With ADH, even if no DCIS is found, you would be considered high risk. One option for those with ADH is to reduce the risk by taking Tamoxifen. Similarly, there are currently clinical trials underway for "active surveillance" of low risk DCIS where the patients are taking Tamoxifen instead of having surgery.

Personally although there is a movement to reduce surgical intervention for low risk DCIS, I would want to have any DCIS removed. But as a short term option to hold you over until surgery, you might want to askyour surgeon (or an oncologist, if you can get access to one) about Tamoxifen. I have noticed in posts from a couple of women on the board who have small invasive cancers and who have had their surgeries delayed, that this is the approach taken for them.

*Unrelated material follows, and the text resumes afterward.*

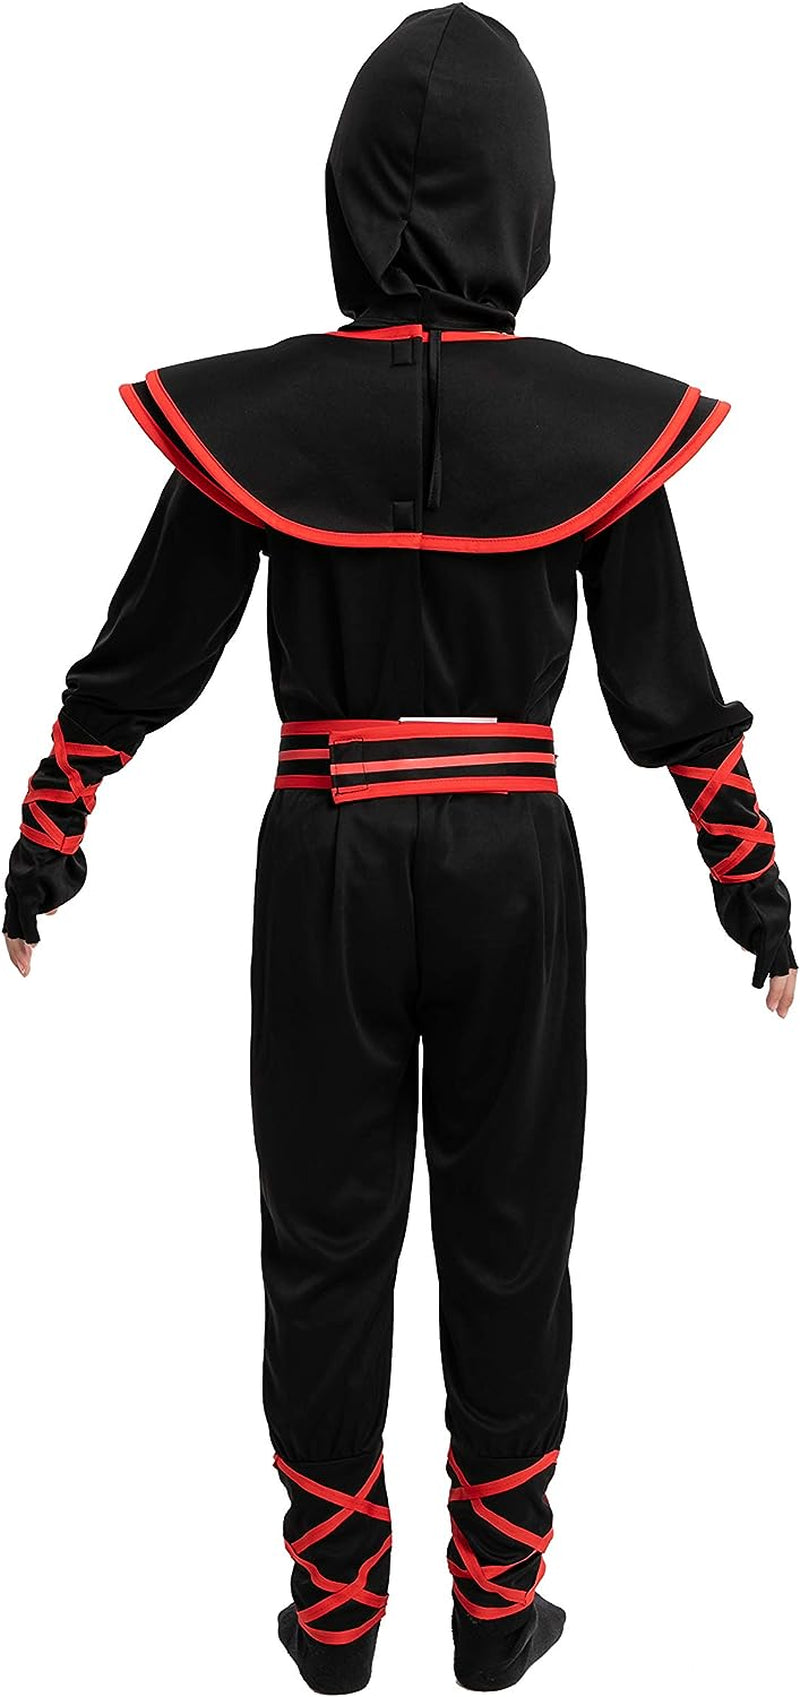 Spooktacular Creations Halloween Red Ninja Muscle Costume Deluxe Set for Boys, Unisex Kungfu Outfit for Kids 3-14Yr with Foam Accessories (Small 5-7 Yrs)  Joyin Inc

Hi Jen, so very sorry that your imaging & clinical findings are found to be challenging, along with your family's tragic health history. You might consider reviewing your case with dedicated breast pathologists and MD's who are familiar with the entire spectrum of papillary lesions.

The two words in your report which I find most troubling are "fragments" of "papillary", which can imply multiple things. I do not see the word "benign". First, papillary carcinoma lesions under 5mm sometimes do NOT show up on MRI, I had been told by breast surgeons, diagnostic radiologists and breast pathologists. 2nd, there's often NO clinical & pathological correlation on papillary lesions. 3rd, there are multiple types of papillary lesions, some benign and some malignant. Hence, it's strongly suggested that you discuss the following information with your medical team and/or obtain 2nd & 3rd opinions.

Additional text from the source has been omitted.